For the past three decades, most research in information retrieval has assumed a ranked retrieval model, in which a query returns a ranking of corpus documents by their estimated relevance to this query. This model maps to the familiar user interface of most commercial and academic search engines.
Despite its popularity, the ranked retrieval model suffers because it does not provide a clear split between relevant and irrelevant documents. This weakness makes it impossible to obtain even basic analysis of the query results, such as the number of relevant documents, let alone a more complicated one, such as the result quality.

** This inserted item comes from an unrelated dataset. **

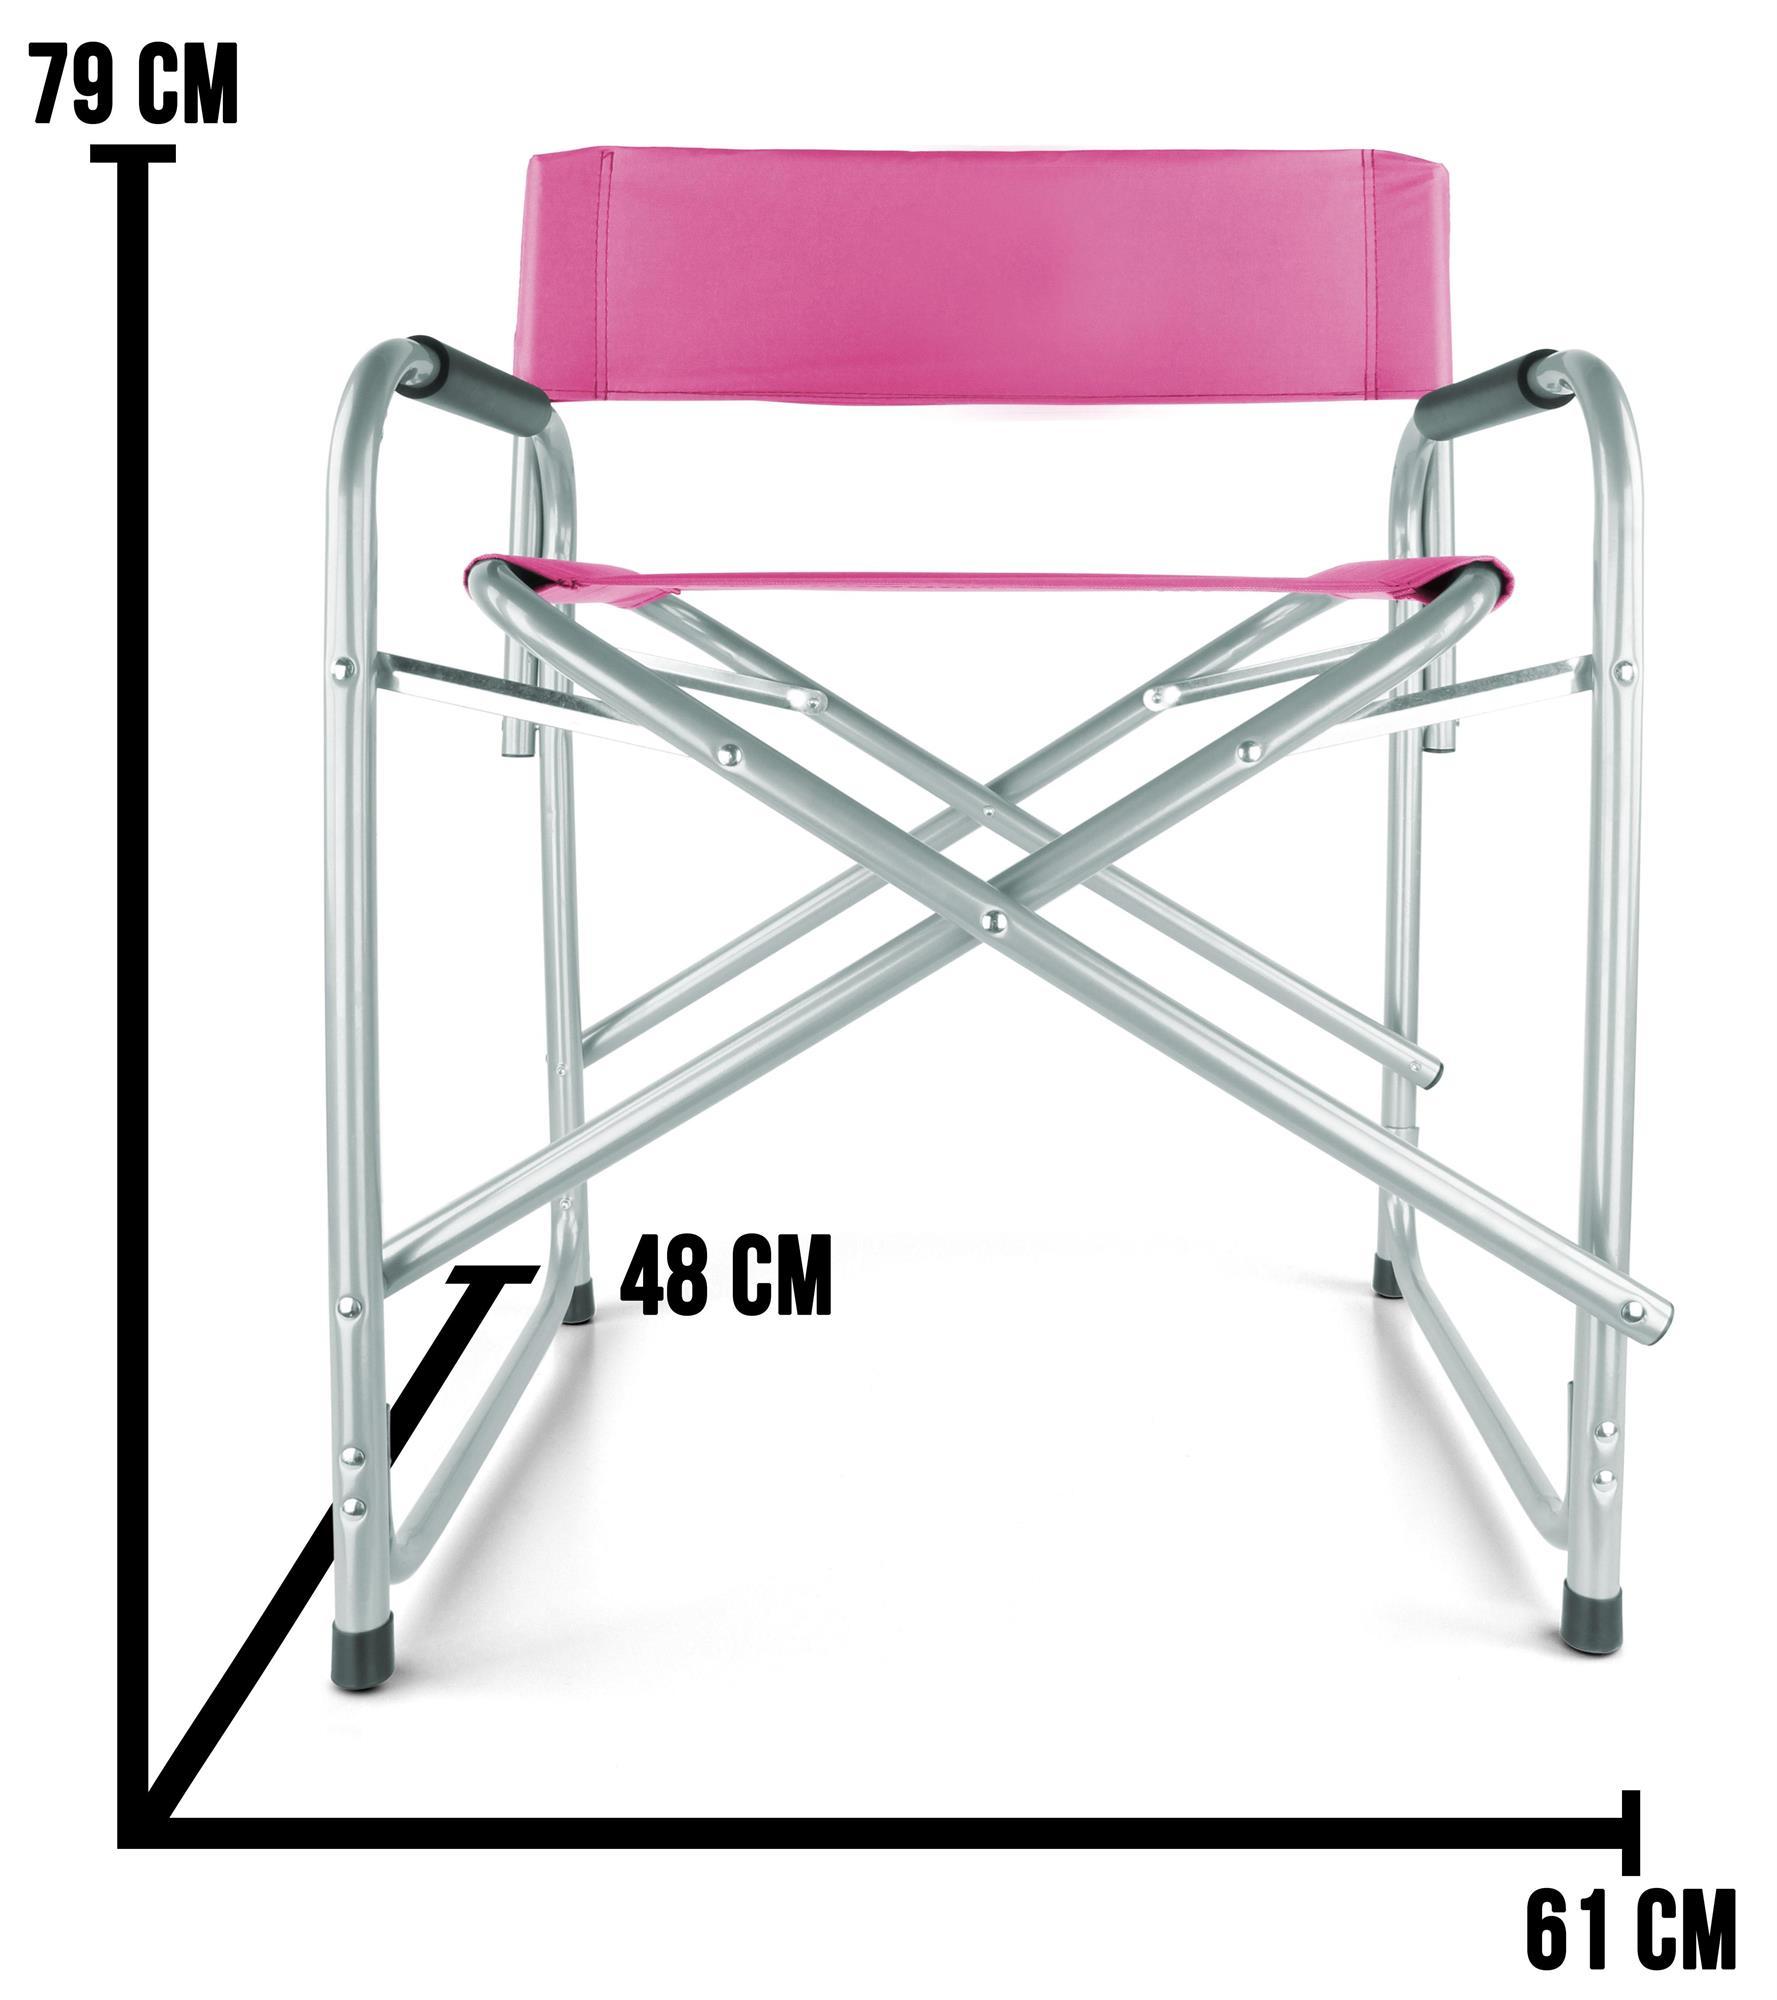 Campingstuhl Regiestul Faltstuhl mit Armlehnen faltbar bis 150 Kg Deck Chair

In contrast, a set retrieval model partitions the corpus into two subsets of documents: those that are considered relevant, and those that are not. A set retrieval model does not rank the retrieved documents; instead, it establishes a clear split between documents that are in and out of the retrieved set. As a result, set retrieval models enable rich analysis of query results, which can then be applied to improve user experience.
Armed with a set retrieval framework, we revisit query clarity, an information gain measure introduced by Cronen-Townsend and Croft in 2002 to predict the ambiguity of a query against an information retrieval system. While Cronen-Townsend and Croft offered evidence in support of query clarity as a measure, subsequent research by Turpin and Hersh in 2004 showed a lack of correlation between clarity scores and user performance.
We claim that query clarity is an effective measure, but that it needs to be revised to leverage a set retrieval model. We present a normalized clarity score that measures the clarity of a query result set relative to other document sets of its size. We discuss theoretical results about the distribution of normalized clarity, preliminary evidence in favor of normalized clarity as a tool to measure query quality, and applications of normalized clarity to interactive information retrieval.
Cronen-Townsend, S. and W. B. Croft, W. B. Quantifying query ambiguity. In Proc. of Human Language Technology 2002, pages 94--98, March 2002.
Turpin, A. and Hersh, W. Do clarity scores for queries correlate with user performance?. In Proceedings of the 15th Australasian Database Conference - Volume 27 (Dunedin, New Zealand). K. Schewe and H. Williams, Eds. ACM International Conference Proceeding Series, vol. 52. Australian Computer Society, Darlinghurst, Australia, 85-91, 2004.